|Abstract or Summary
- This dissertation addresses a number of inter-related and fundamental problems in computer vision. Specifically, we address object discovery, recognition, segmentation, and 3D pose estimation in images, as well as 3D scene reconstruction and scene interpretation. The key ideas behind our approaches include using shape as a basic object feature, and using structured prediction modeling paradigms for representing objects and scenes.
In this work, we make a number of new contributions both in computer vision and machine learning. We address the vision problems of shape matching, shape-based mining of objects in arbitrary image collections, context-aware object recognition, monocular estimation of 3D object poses, and monocular 3D scene reconstruction using shape from texture. Our work on shape-based object discovery is the first to show that meaningful objects can be extracted from a collection of arbitrary images, without any human supervision, by shape matching. We also show that a spatial repetition of objects in images (e.g., windows on a building facade, or cars lined up along a street) can be used for 3D scene reconstruction from a single image.

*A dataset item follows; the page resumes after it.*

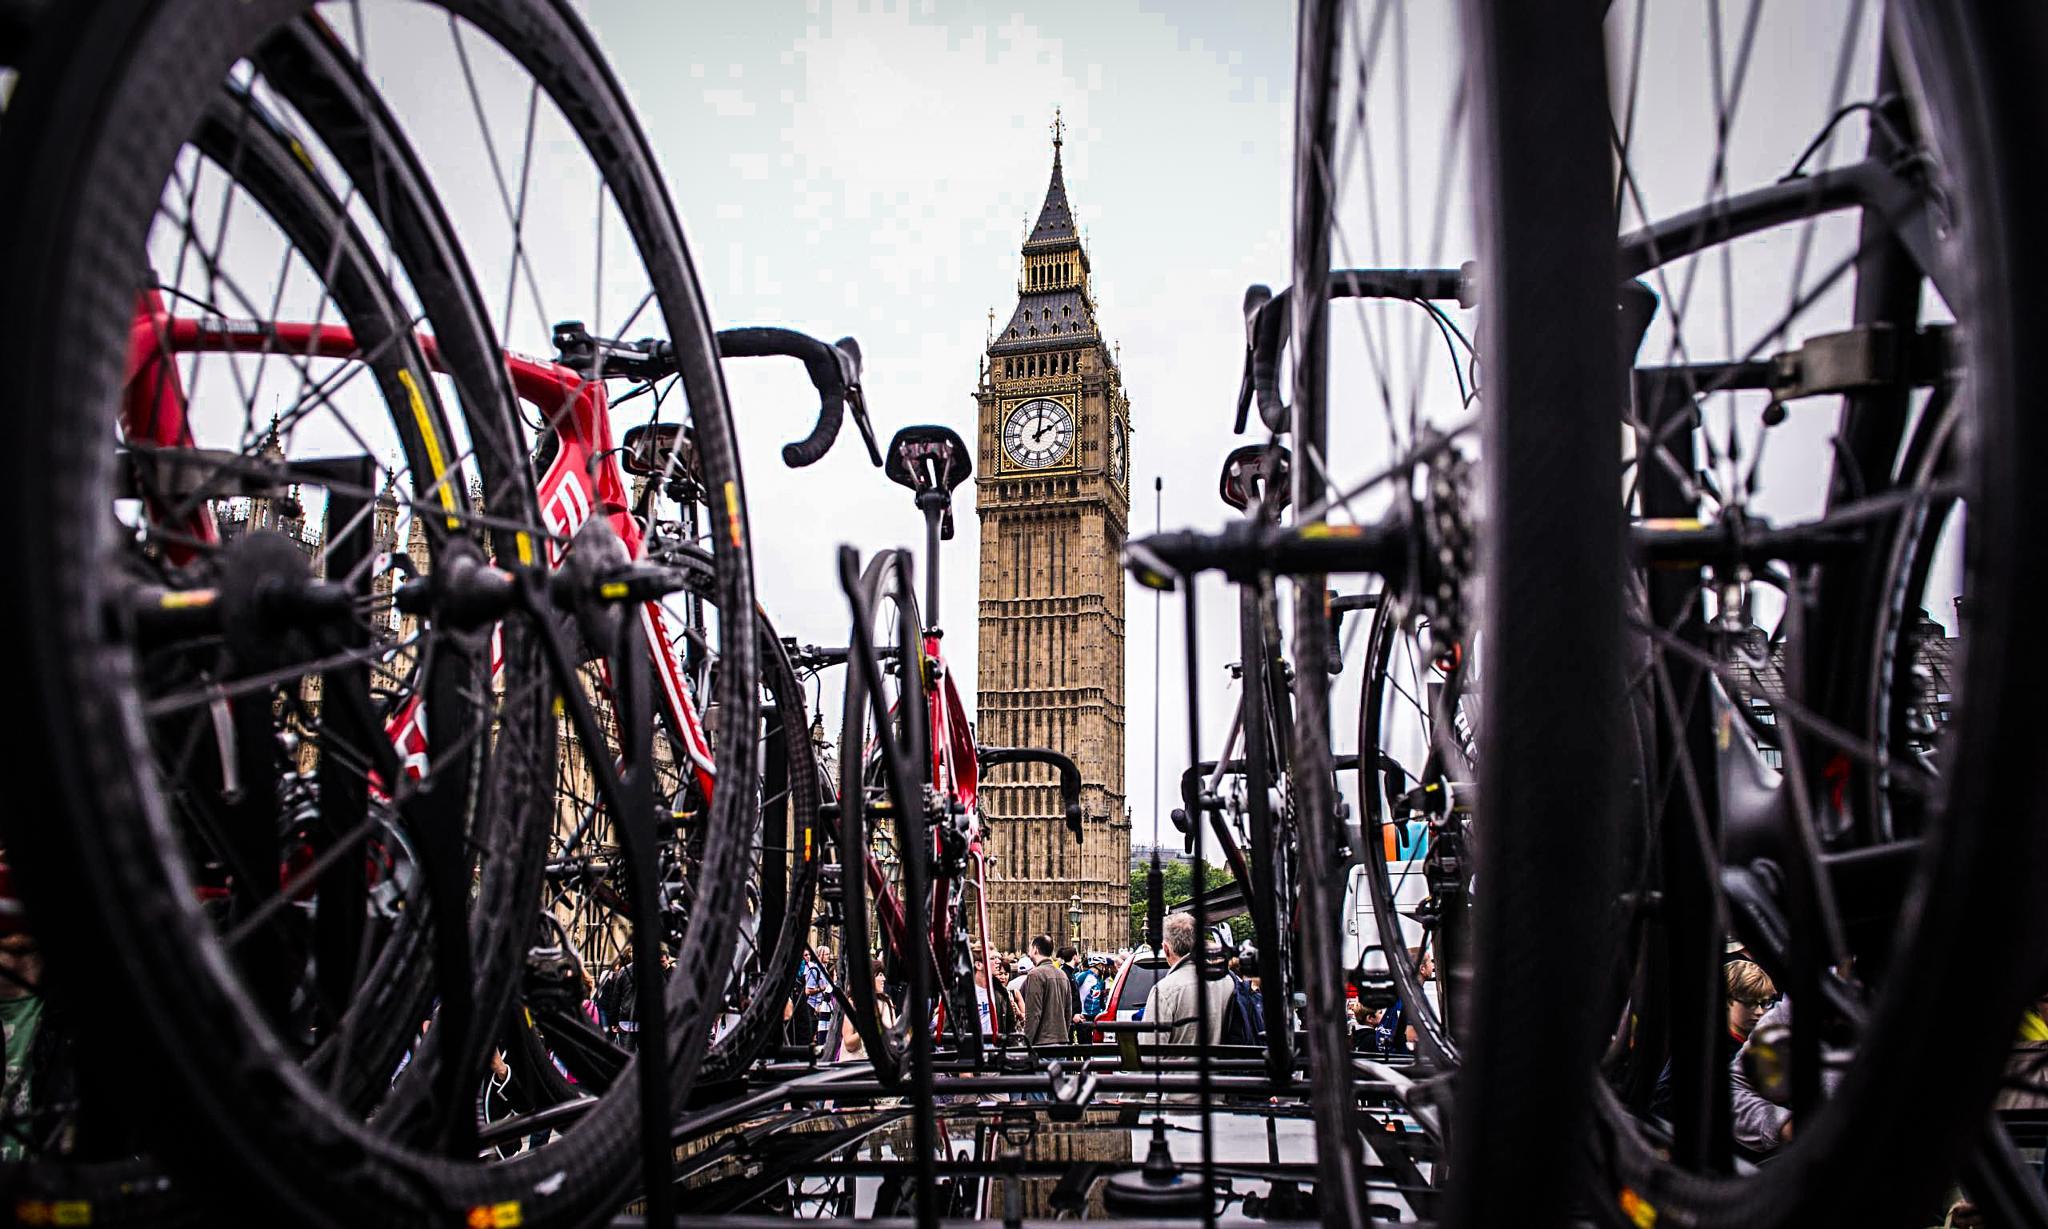 Tour de France 2014 London by Miguel Angel Posincovich

The aforementioned topics have never been addressed in the literature.
The dissertation also presents new algorithms and object representations for the aforementioned vision problems. We fuse two traditionally different modeling paradigms Conditional Random Fields (CRF) and Random Forests (RF) into a unified framework, referred to as (RF)^2. We also derive theoretical error bounds of estimating distribution ratios by a two-class RF, which is then used to derive the theoretical performance bounds of a two-class
Thorough experimental evaluation of individual aspects of all our approaches is presented. In general, the experiments demonstrate that we outperform the state of the art on the benchmark datasets, without increasing complexity and supervision in training.